Давайте теперь повернем картину и рассмотрим другую сторону ее; давайте транспортируем себя посреди демократии, не неподготовленной древними традициями и нынешней культурой к участию в удовольствиях ума. Ранги там перемешаны и смешаны; знание и власть оба бесконечно подразделены и, если я могу использовать выражение, разбросаны на каждой стороне. Здесь тогда пестрое множество, чьи интеллектуальные потребности должны быть удовлетворены. Эти новые приверженцы удовольствий ума не все получили одинаковое образование; они не обладают той же степенью культуры, что их отцы, ни каким-либо сходством с ними — более того, они вечно отличаются от самих себя, ибо они живут в состоянии непрестанного изменения места, чувств и состояний. Ум каждого члена сообщества, следовательно, не привязан к уму его сограждан традицией или общими привычками; и они никогда не имели власти, склонности, ни времени, чтобы договориться вместе. Это, однако, из лона этой гетерогенной и взволнованной массы, что авторы возникают; и из того же источника их прибыли и их слава распределяются. Я могу без трудности понять, что, при этих обстоятельствах, я должен ожидать встретить в литературе такого народа лишь немногие из тех строгих конвенциональных правил, которые допущены читателями и писателями в аристократические эпохи. Если бы случилось, что люди какого-то одного периода были согласны на любые такие правила, это не доказало бы ничего для следующего периода; ибо среди демократических наций каждое новое поколение — это новый народ.

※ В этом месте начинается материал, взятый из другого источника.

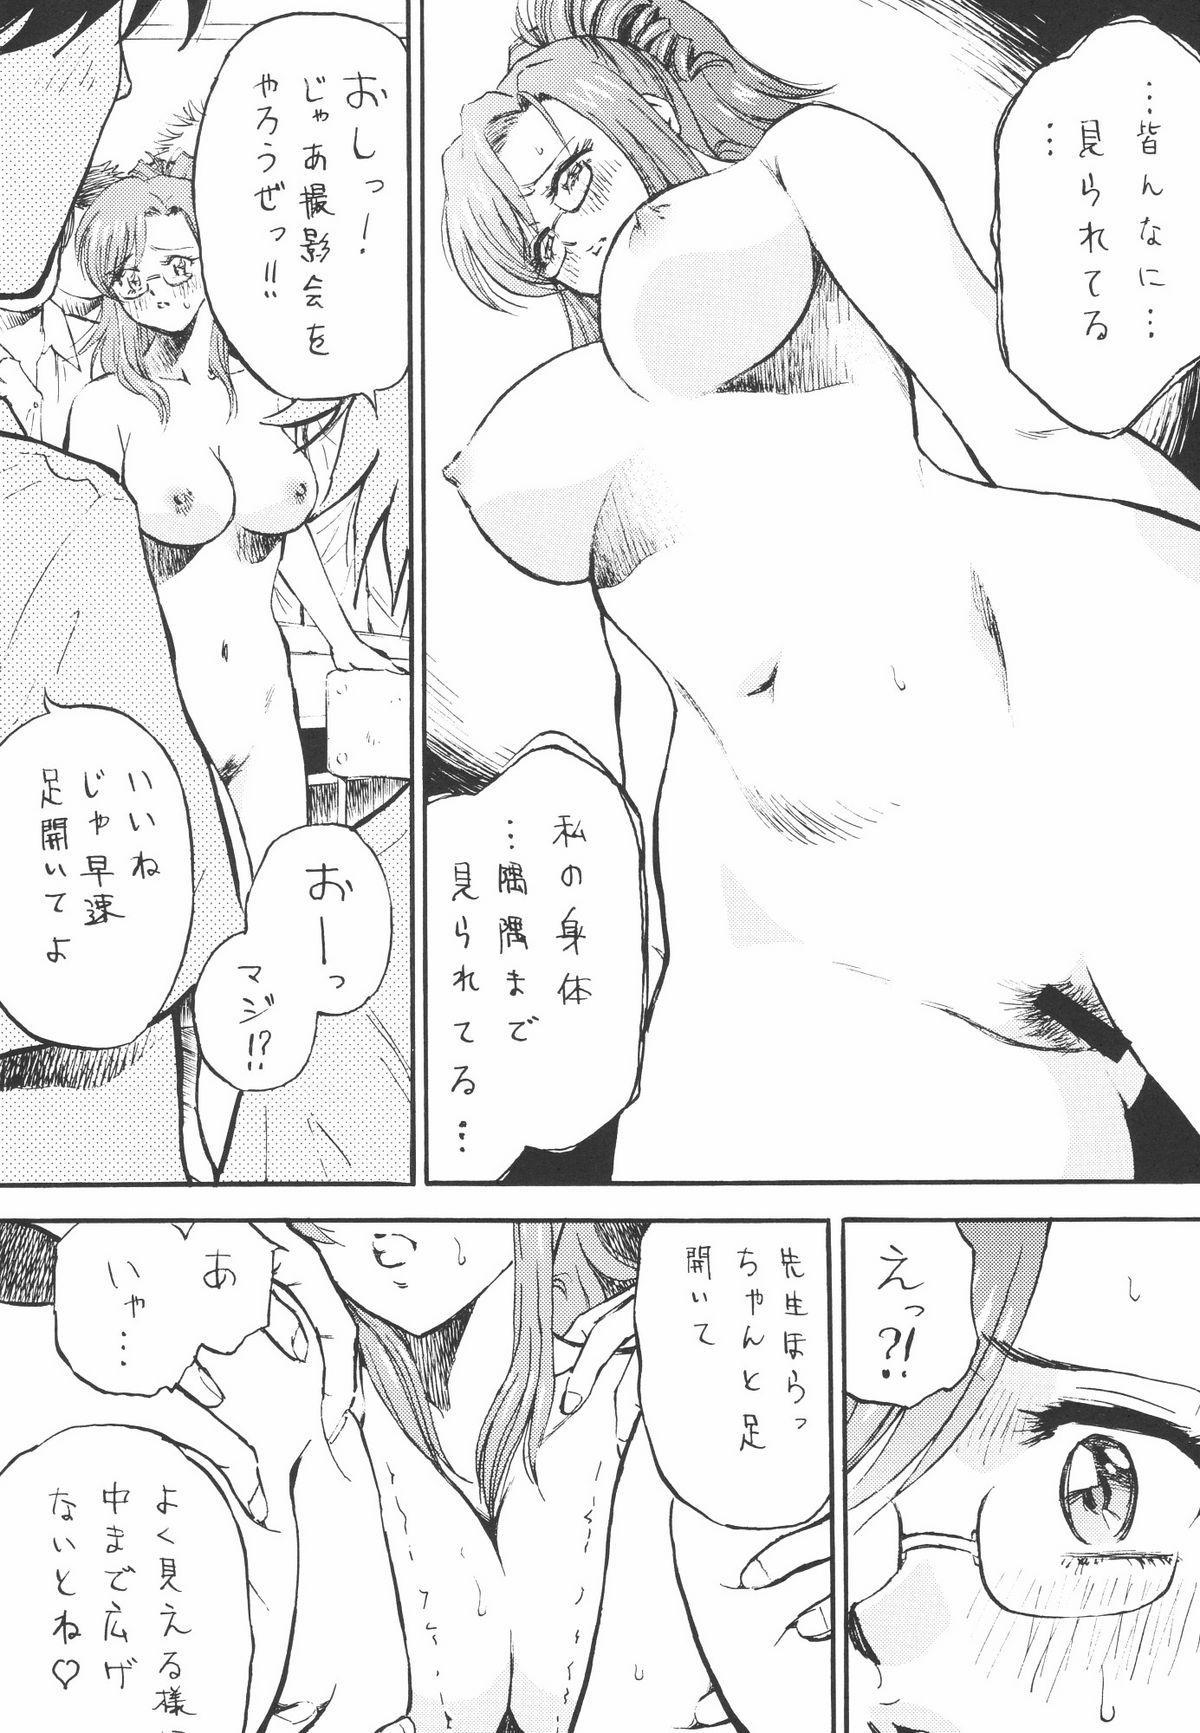 Megane no Sensei ha Suki Desuka? 15

Среди таких наций, тогда, литература не будет легко подчинена строгим правилам, и невозможно, чтобы любые такие правила когда-либо были постоянными.

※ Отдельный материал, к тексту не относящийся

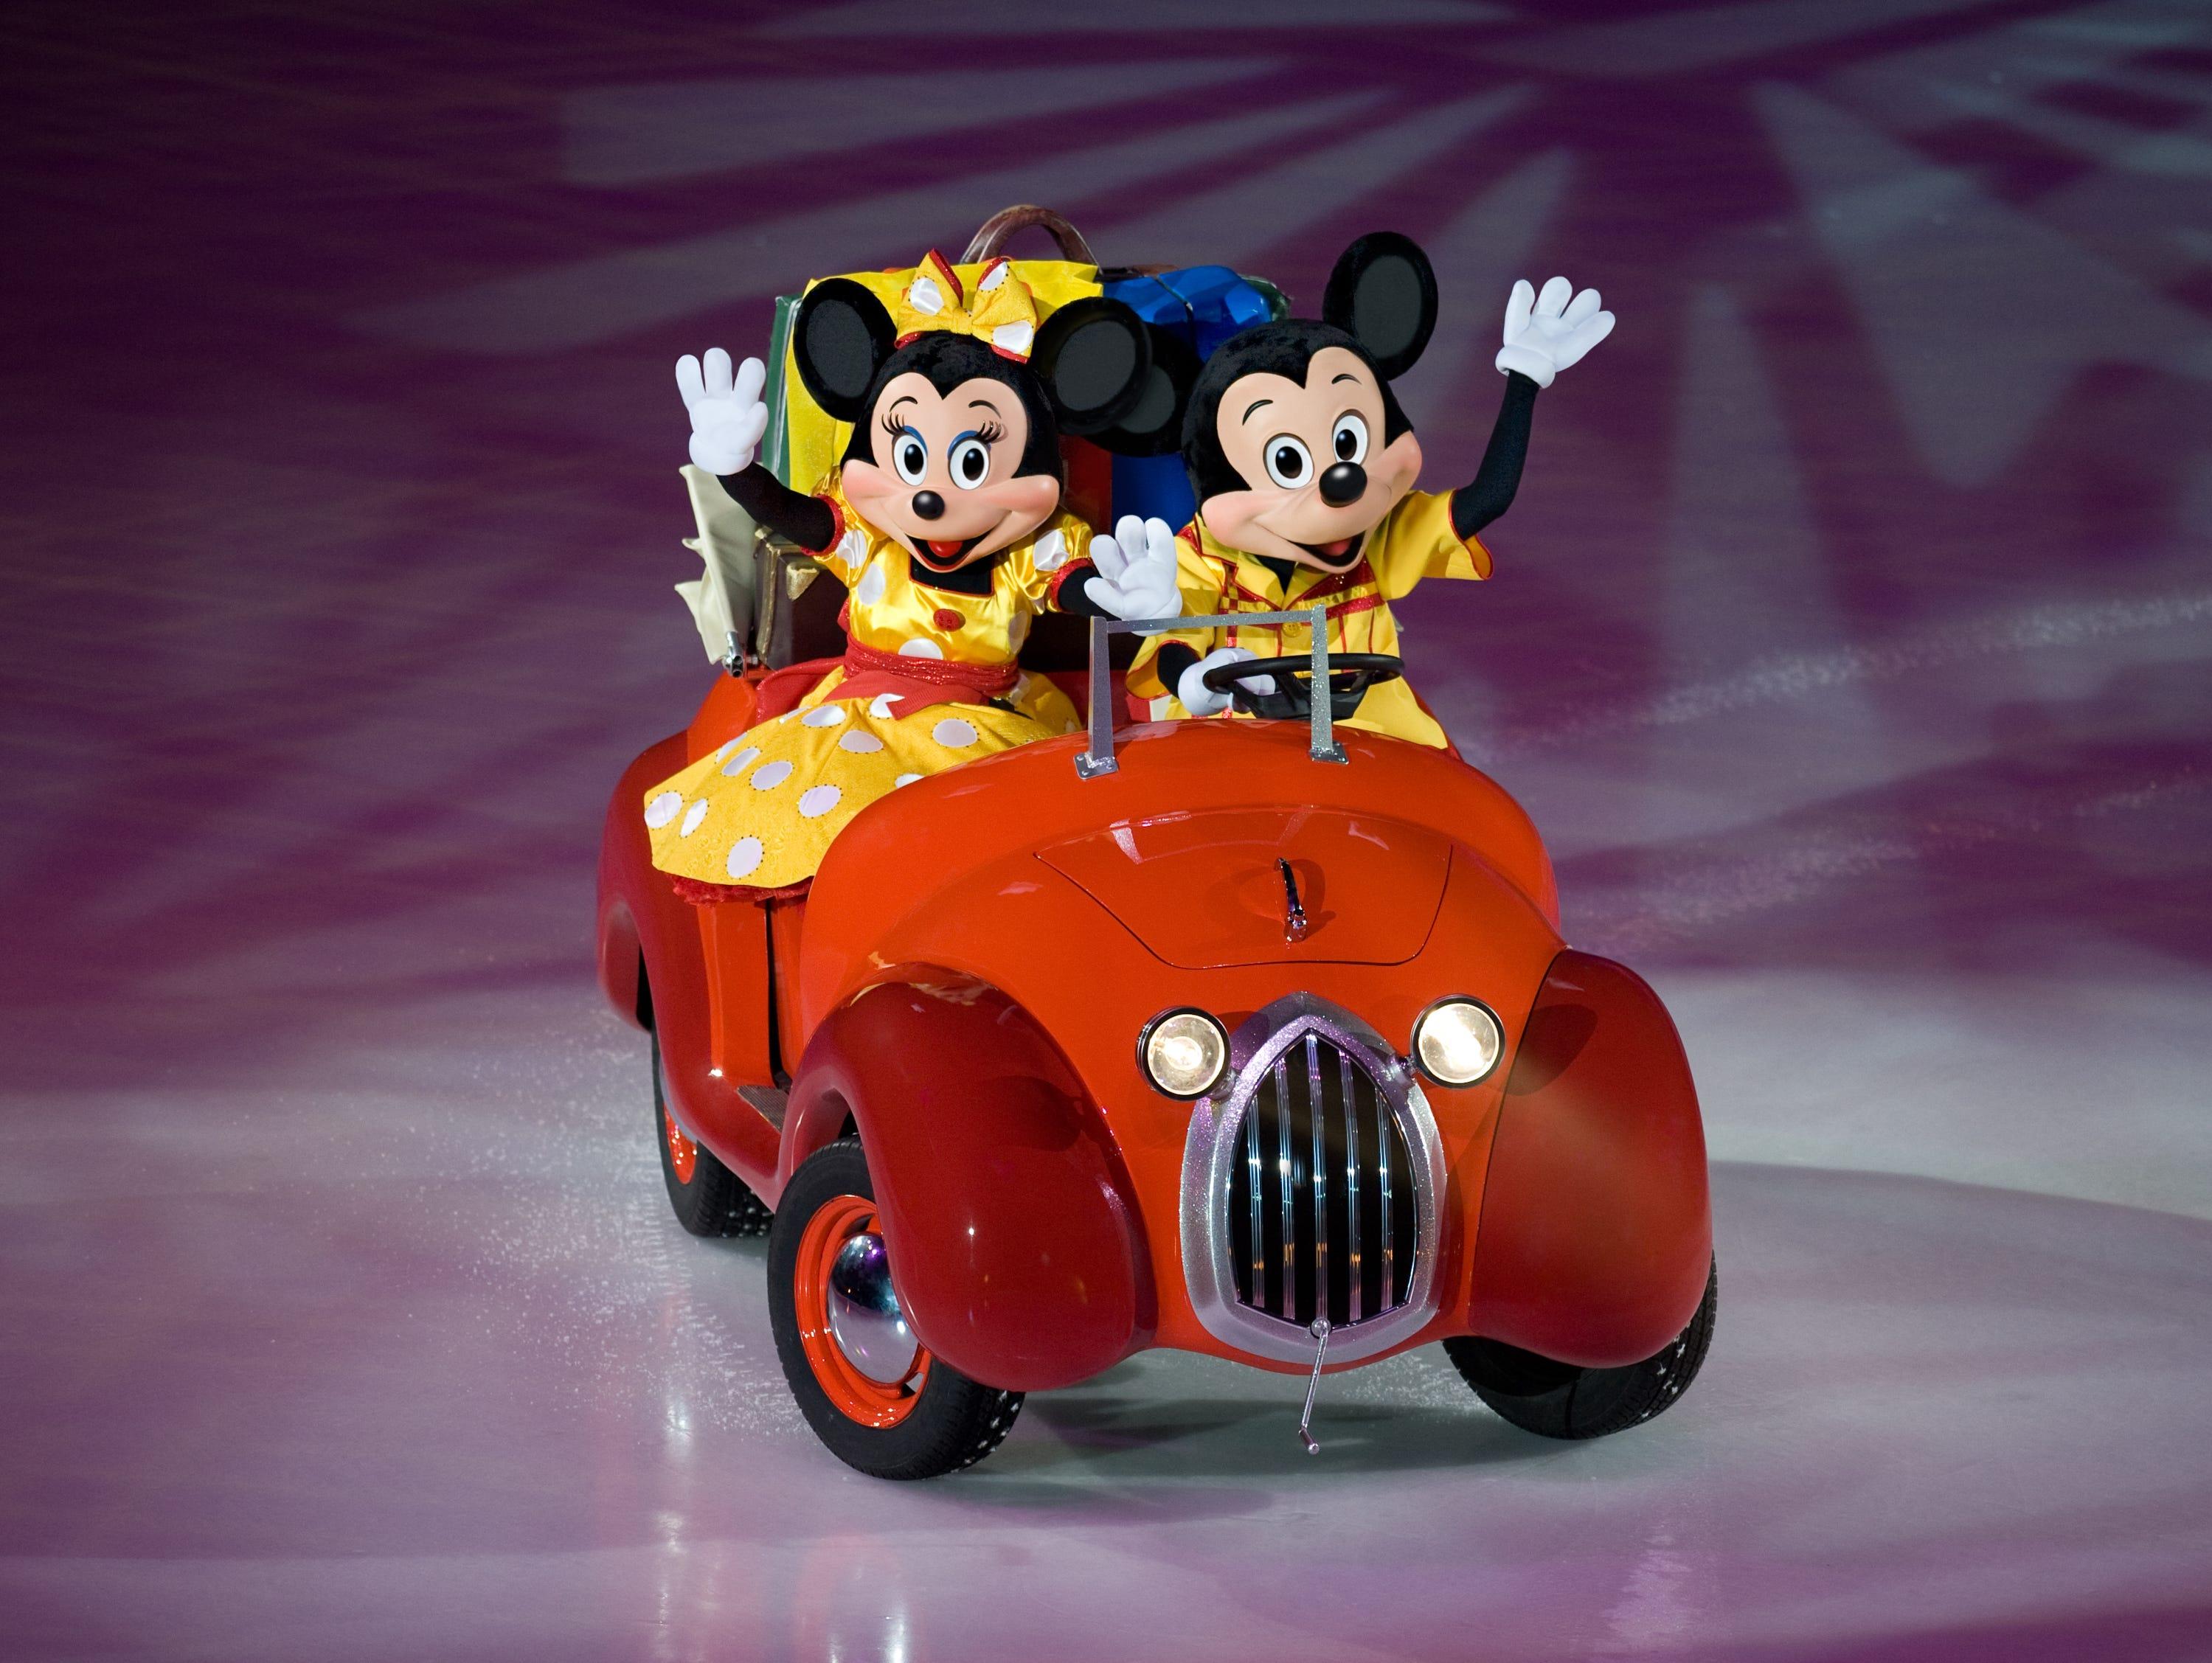 Producido por Feld Entertainment, Disney On Ice presents Worlds of Enchantment tendrá funciones del 11 al 14 de abril en Talking Stick Resort Arena en Phoenix, Arizona.

В демократиях отнюдь не является случаем, что все люди, которые культивируют литературу, получили литературное образование; и большинство тех, кто имеет некоторый оттенок изящной словесности, либо заняты в политике, либо в профессии, которая позволяет им только пробовать время от времени и украдкой удовольствия ума. Эти удовольствия, следовательно, не составляют главного очарования их жизней; но они рассматриваются как преходящий и необходимый отдых посреди серьезных трудов жизни. Такой человек никогда не может приобрести достаточно интимного знания искусства литературы, чтобы оценить его более деликатные красоты; и второстепенные оттенки выражения должны ускользнуть от них. Поскольку время, которое они могут посвятить буквам, очень коротко, они стремятся сделать лучшее использование всего его. Они предпочитают книги, которые могут быть легко получены, быстро прочитаны и которые не требуют ученых исследований, чтобы быть понятыми. Они просят красоты, самопредлагающиеся и легко наслаждаемые; прежде всего, они должны иметь то, что неожиданно и ново. Привыкшие к борьбе, крестам и монотонности практической жизни, они требуют быстрых эмоций, поразительных пассажей — истин или ошибок, достаточно блестящих, чтобы разбудить их и погрузить их сразу, как если бы насильственно, посреди предмета.